## What the task asks
Using the records that appear below, write out exactly the lines from the one with "The Nightmare - Ludum Dare 47" through the one with "Παιδικά/Boys/Παπούτσια/Αθλητικά NIKE - Παιδικά", keeping both end lines.

## Data extract
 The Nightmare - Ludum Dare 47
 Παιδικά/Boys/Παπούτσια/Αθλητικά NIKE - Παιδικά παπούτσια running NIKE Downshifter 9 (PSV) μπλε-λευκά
--
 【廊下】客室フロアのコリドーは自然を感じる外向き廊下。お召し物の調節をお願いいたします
--
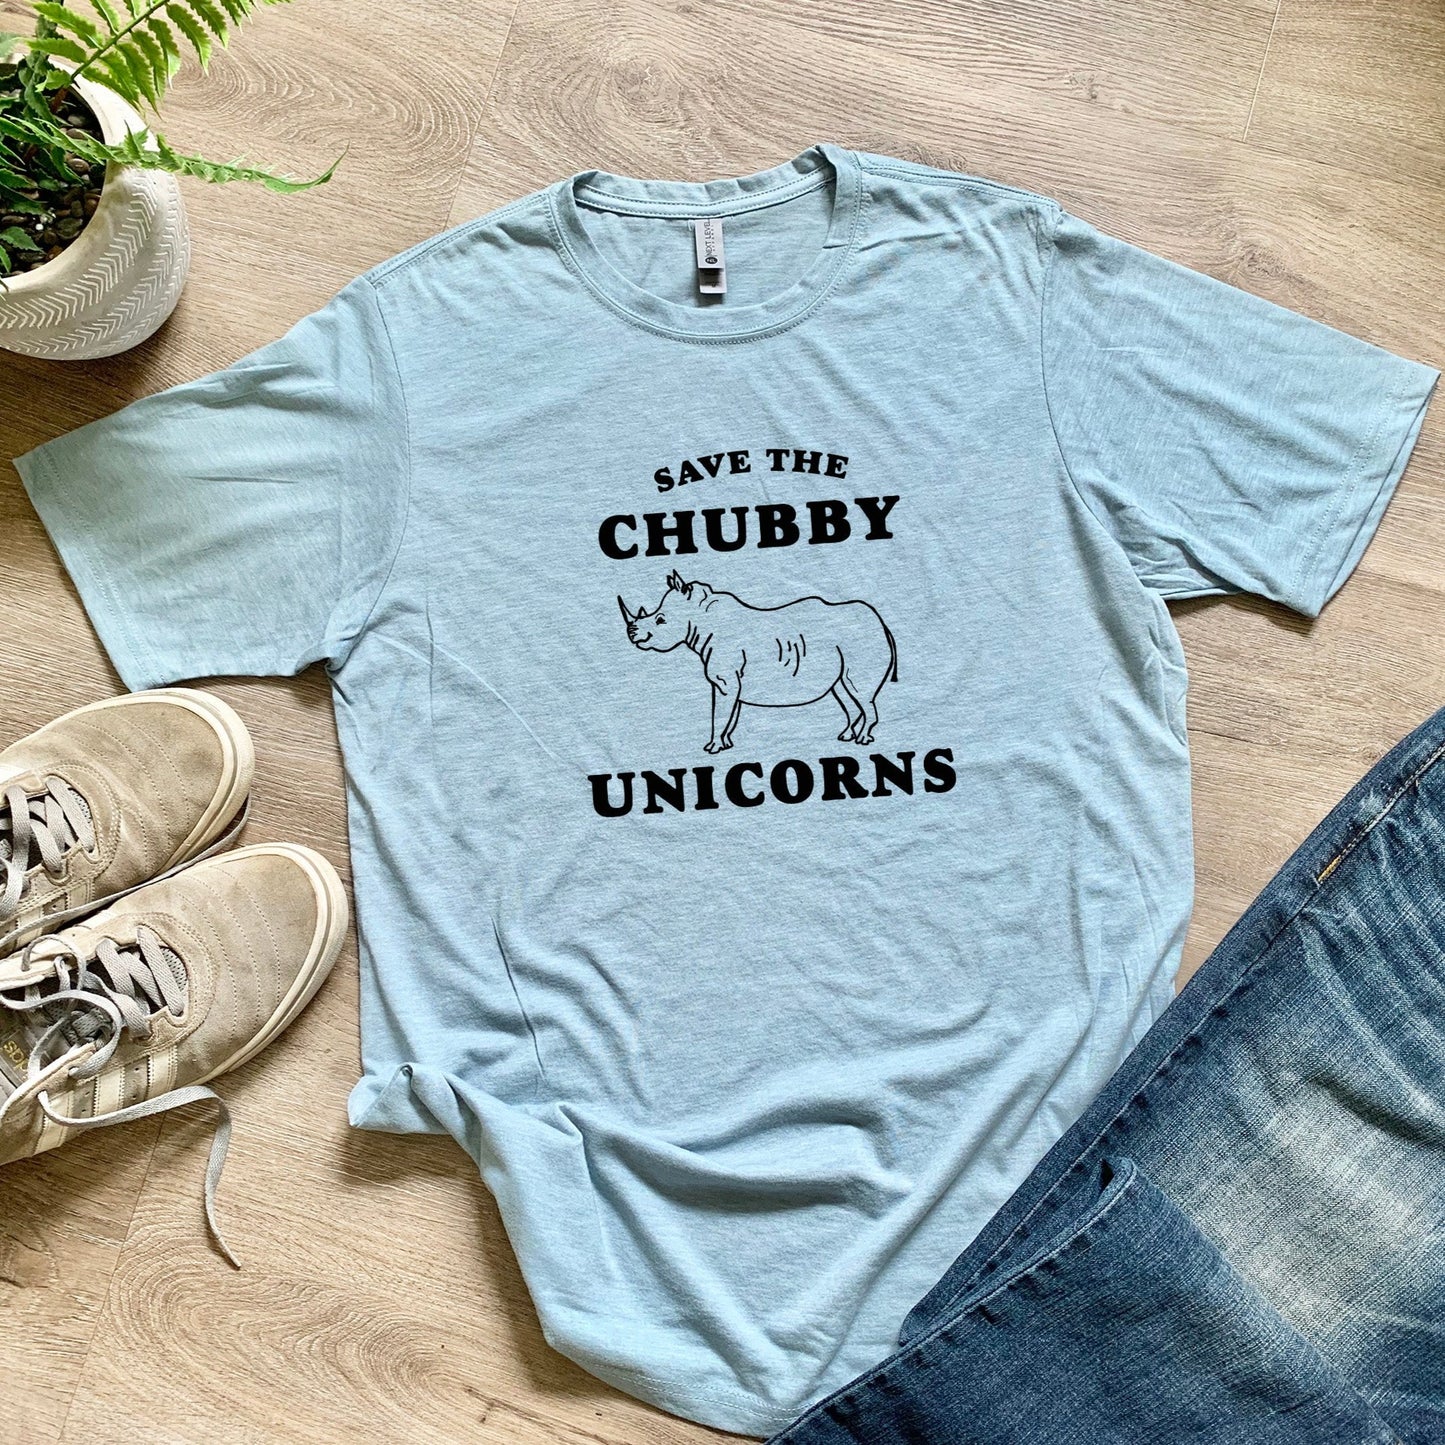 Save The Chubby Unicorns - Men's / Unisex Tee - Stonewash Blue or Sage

## Result of the exercise
 The Nightmare - Ludum Dare 47
 Παιδικά/Boys/Παπούτσια/Αθλητικά NIKE - Παιδικά παπούτσια running NIKE Downshifter 9 (PSV) μπλε-λευκά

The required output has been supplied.